The 43-year-old lives in Oldham, Manchester and volunteers at Oxfam as part of the charity’s Future Skills Training for Women, a six-month voluntary training programme.

She says Christmas in the UK is “a bit different” and in contrast to the activity-filled day outdoors she would usually experience where she used to live.

“We do celebrate Christmas, but I feel that in the UK it is a bit different from where I used to live in Egypt and Sudan.

“When celebrating Christmas in Egypt or Sudan, we go out and do something, we buy new clothes for the children, and in the morning we go to church to pray. After that, we do children’s activities and take them out.

“But here in the UK, it is more families who celebrate Christmas with each other at home, on their own.”

Elziabit/Refugee Action

A lack of public transport on the day makes it difficult for her to recreate her usual Christmas, but she says she is keen to celebrate indoors.

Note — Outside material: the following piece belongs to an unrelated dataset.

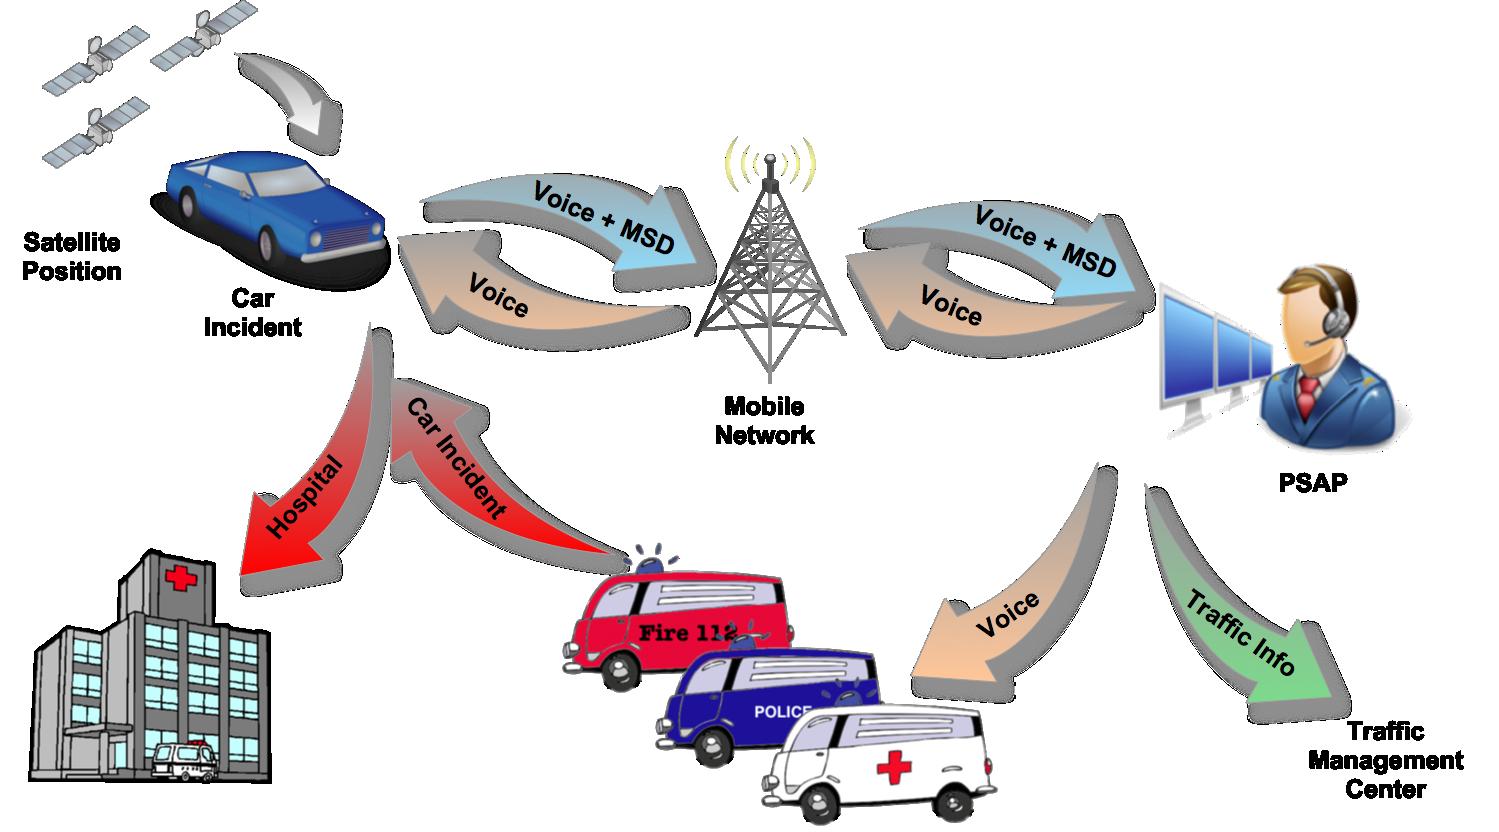 Υποχρεωτικό για όλα τα αυτοκίνητα στην Ε.Ε. το eCall από το 2015 – Το Ματριχ σε πλήρη εφαρμογή …

“It’s not difficult to make contact with the community, but the language barrier makes it hard for me. At the moment I want to improve my English so that will open the door for me to do anything I want in the future.”

Elziabit left Sudan around 20 years ago for Egypt, where she tried to claim asylum through the UN to come to the UK, which she was refused at the start, but was accepted 15 years later.

She told HuffPost UK: “I found it very hard to settle in Egypt because it was my first time leaving my country so I found it very hard at the beginning.

“Living in Egypt is very hard - children have the opportunity to get an education, but it is very hard for them to get a job in the future, so that’s why I decided to leave Egypt.”

Next year, she is hoping to visit her family in Sudan for the first time since she left.